→ **ASSIGNMENT**: When you transcribe the listing, keep each line exact and drop the pictures.

→ **DATA PROVIDED**:
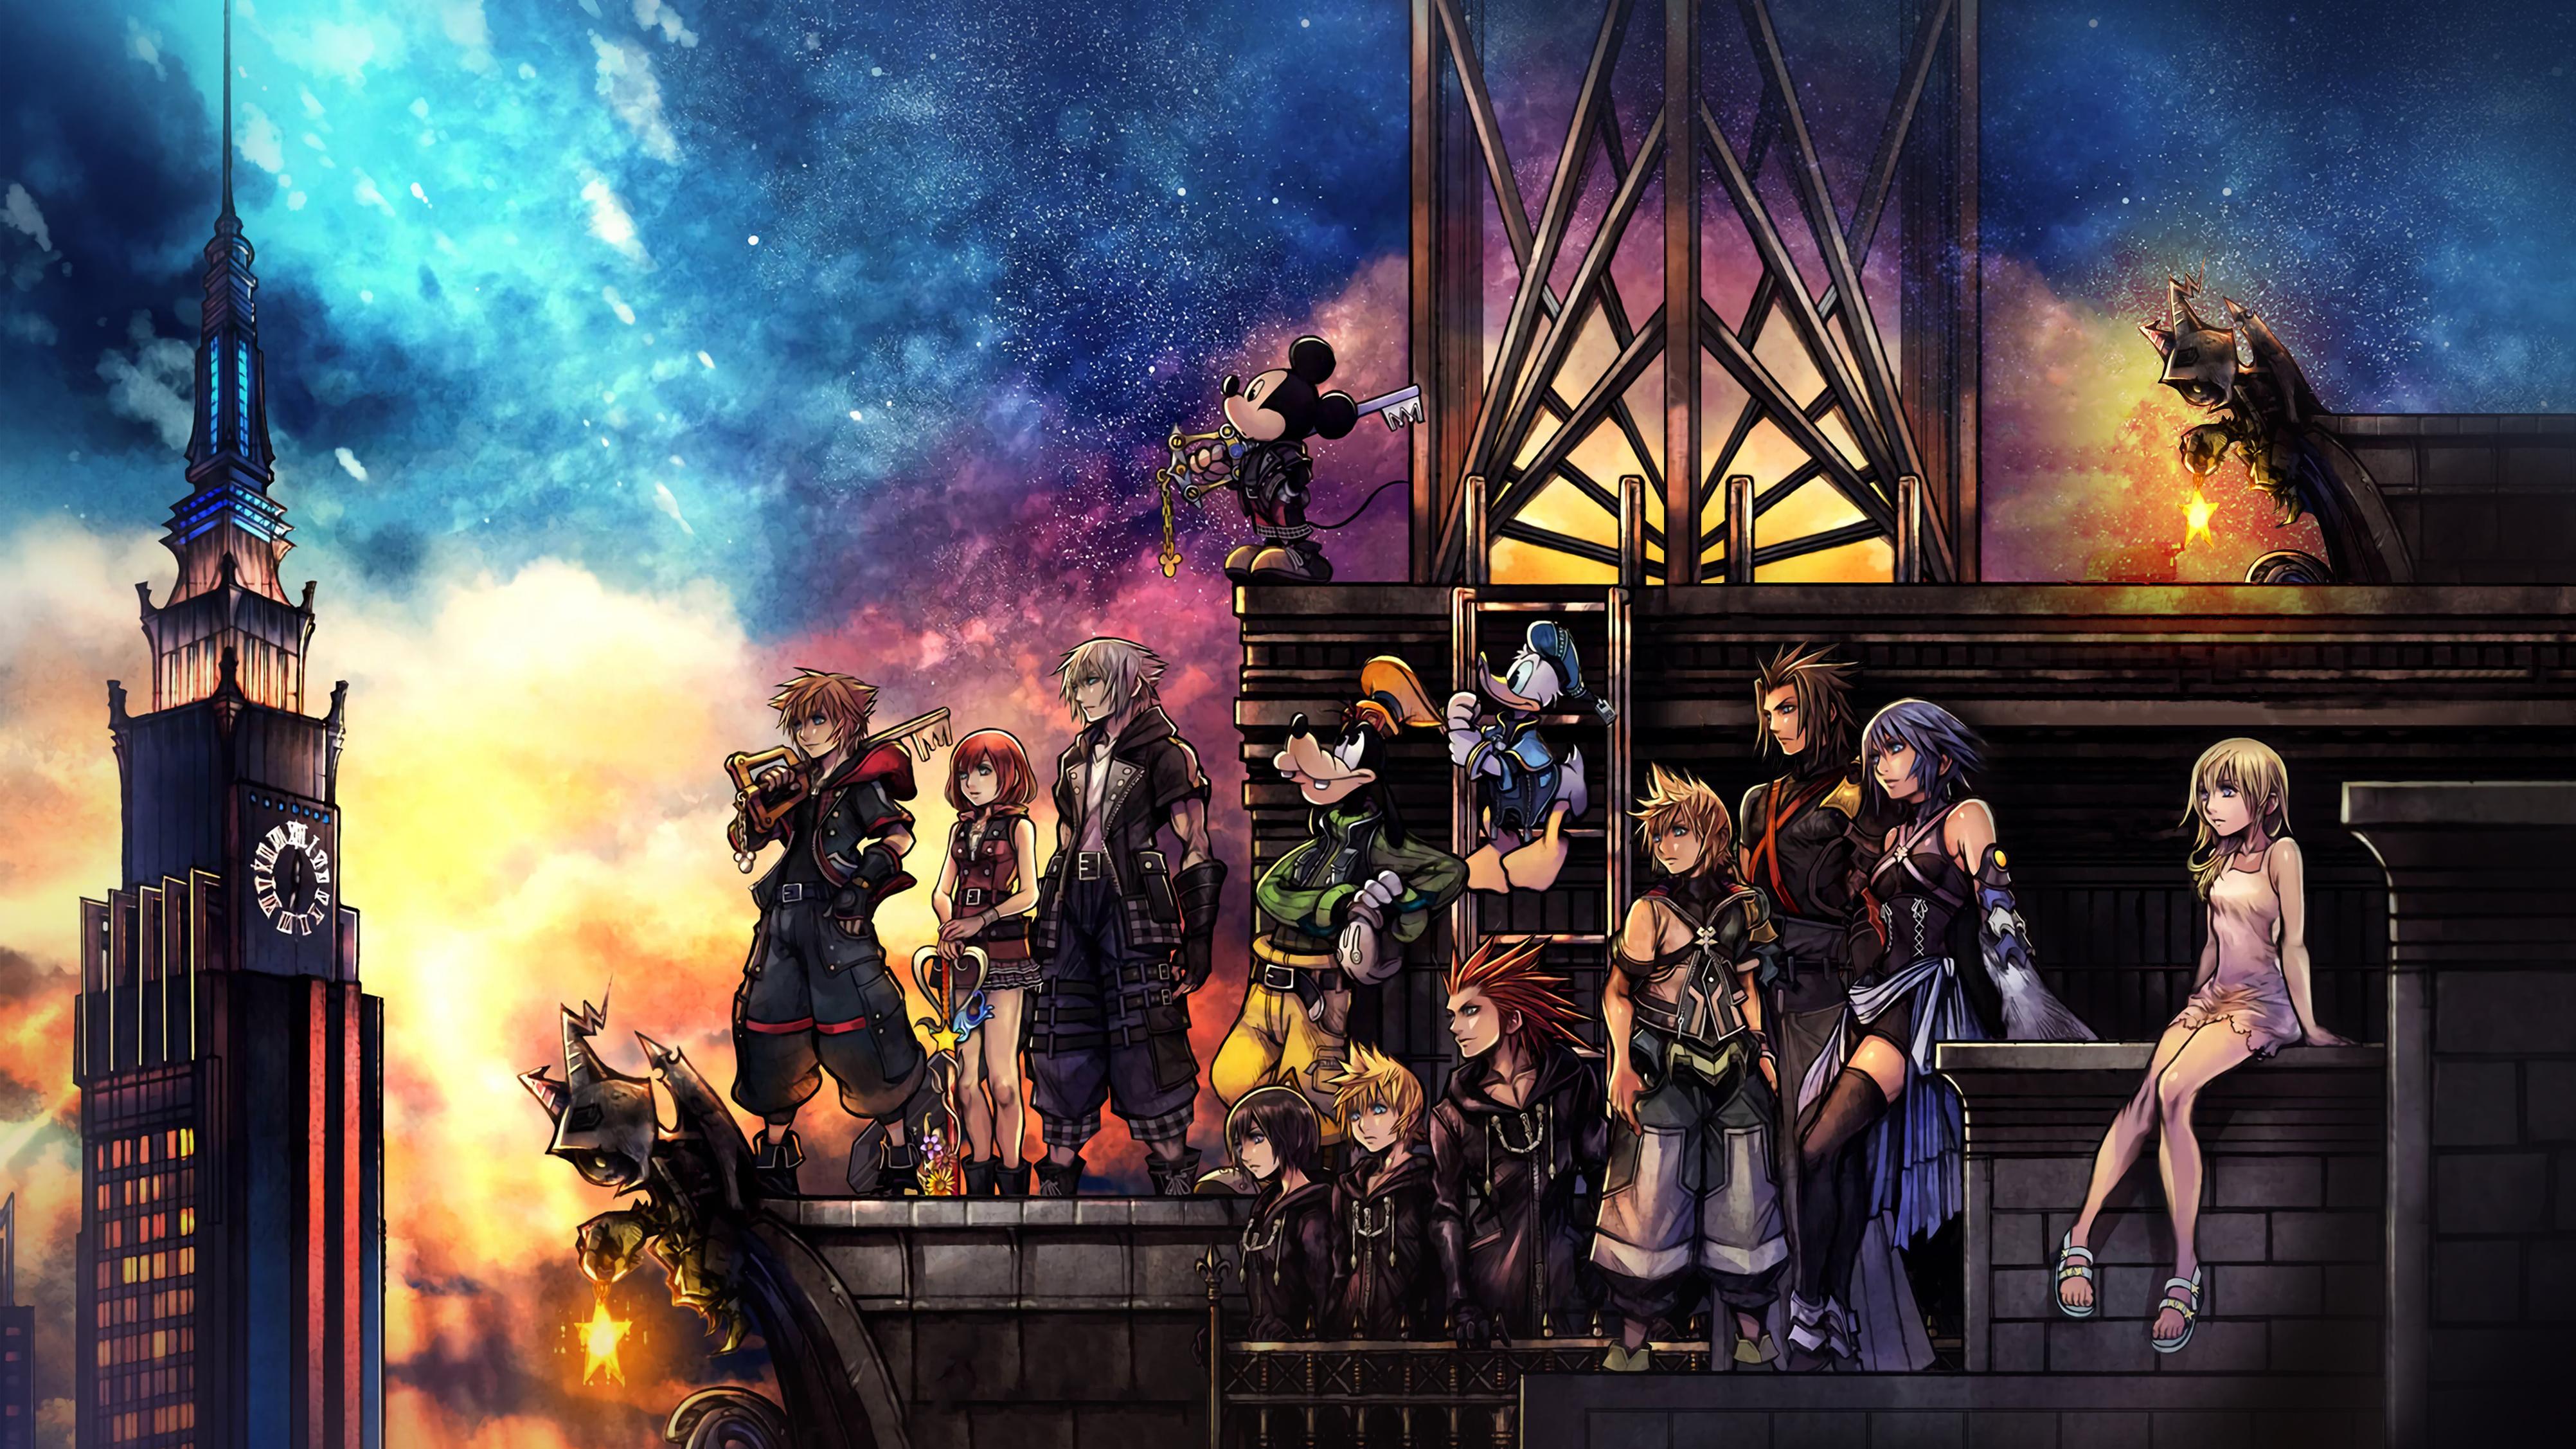 Kingdom Hearts Wallpaper (123 Wallpapers) - 3D Wallpapers
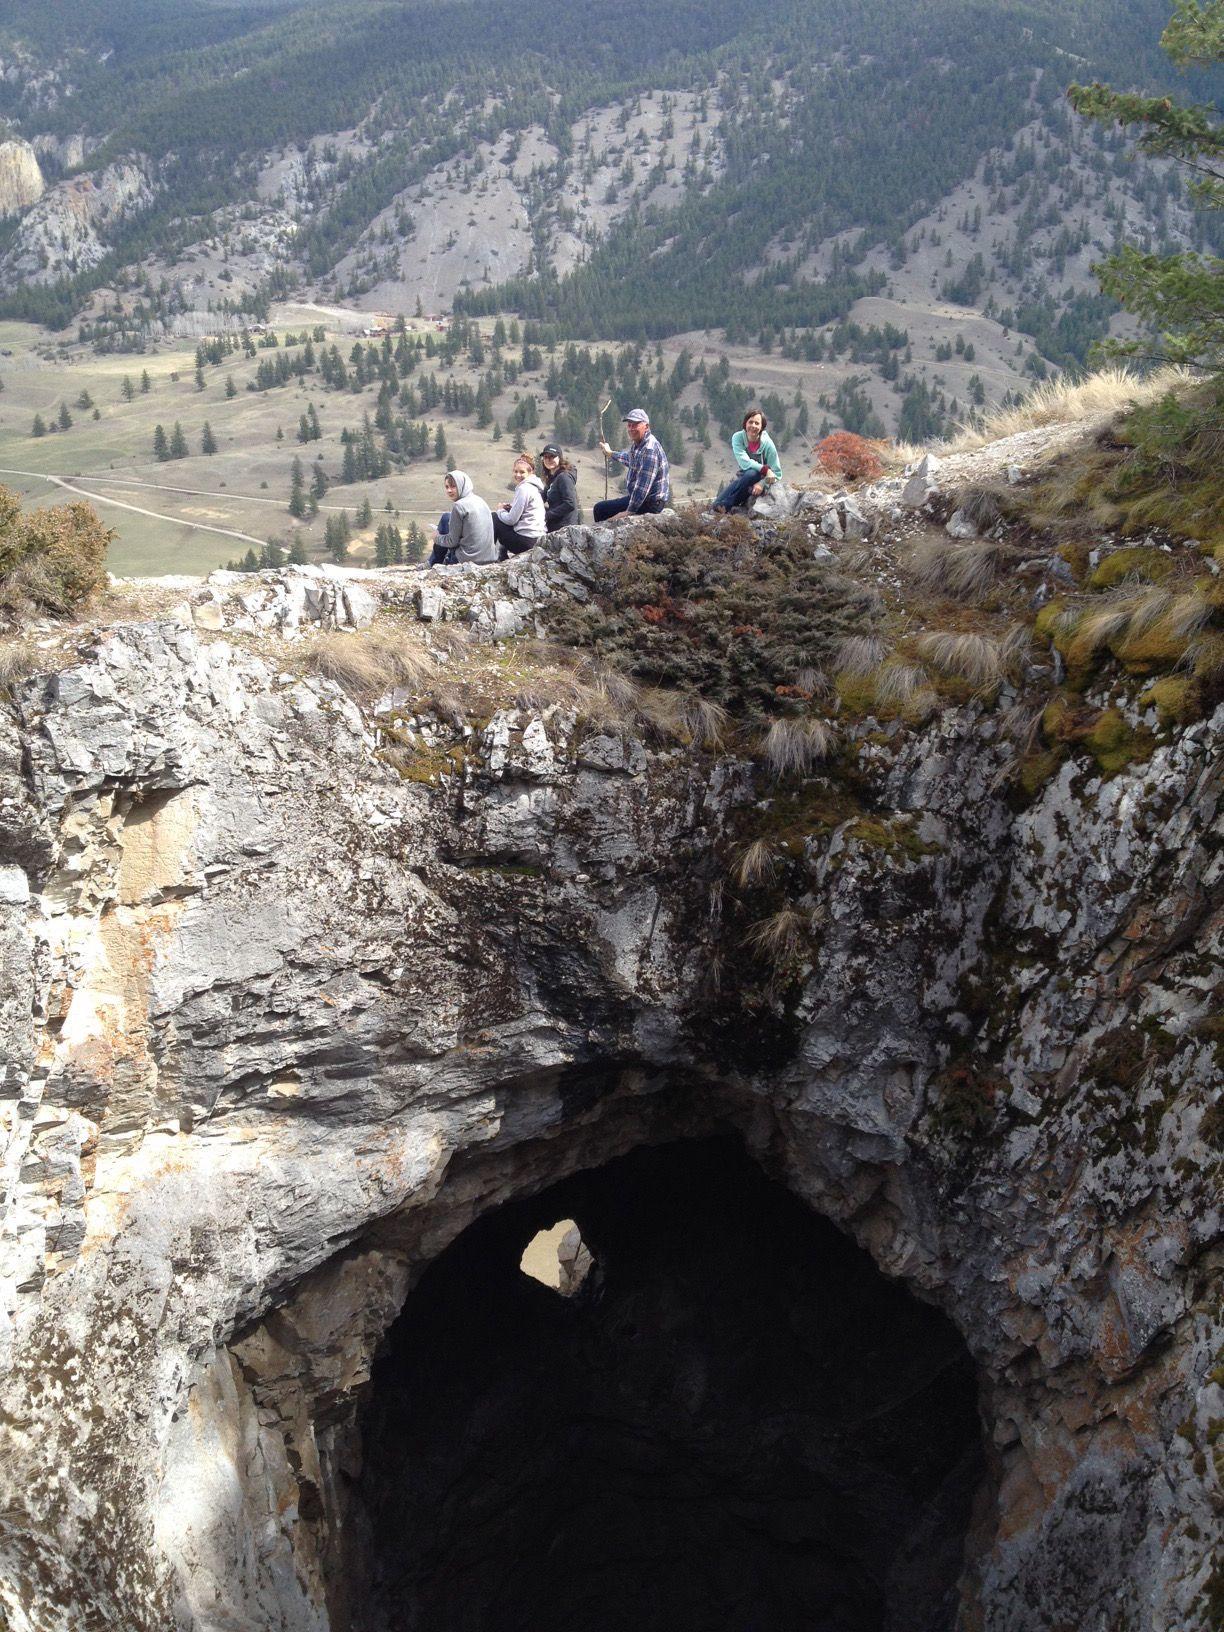 Man Cave Barber Williams Lake : Doc english bluff hike near williams lake british columbia
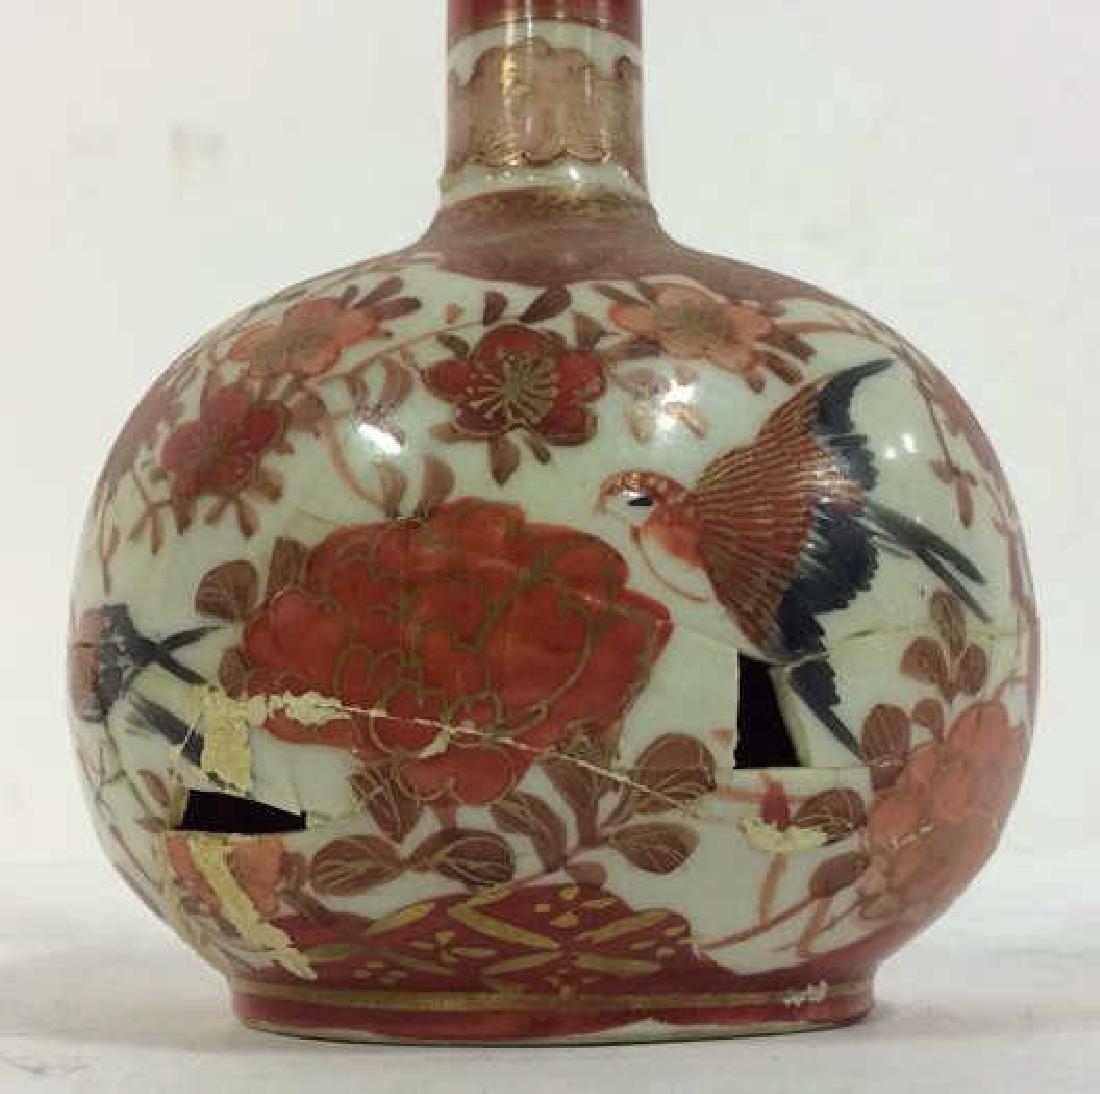 Ceramic Porcelain Asian Style Vase - 4

→ **SOLUTION TO THIS EXERCISE**:
 Kingdom Hearts Wallpaper (123 Wallpapers) - 3D Wallpapers
 Man Cave Barber Williams Lake : Doc english bluff hike near williams lake british columbia
 Ceramic Porcelain Asian Style Vase - 4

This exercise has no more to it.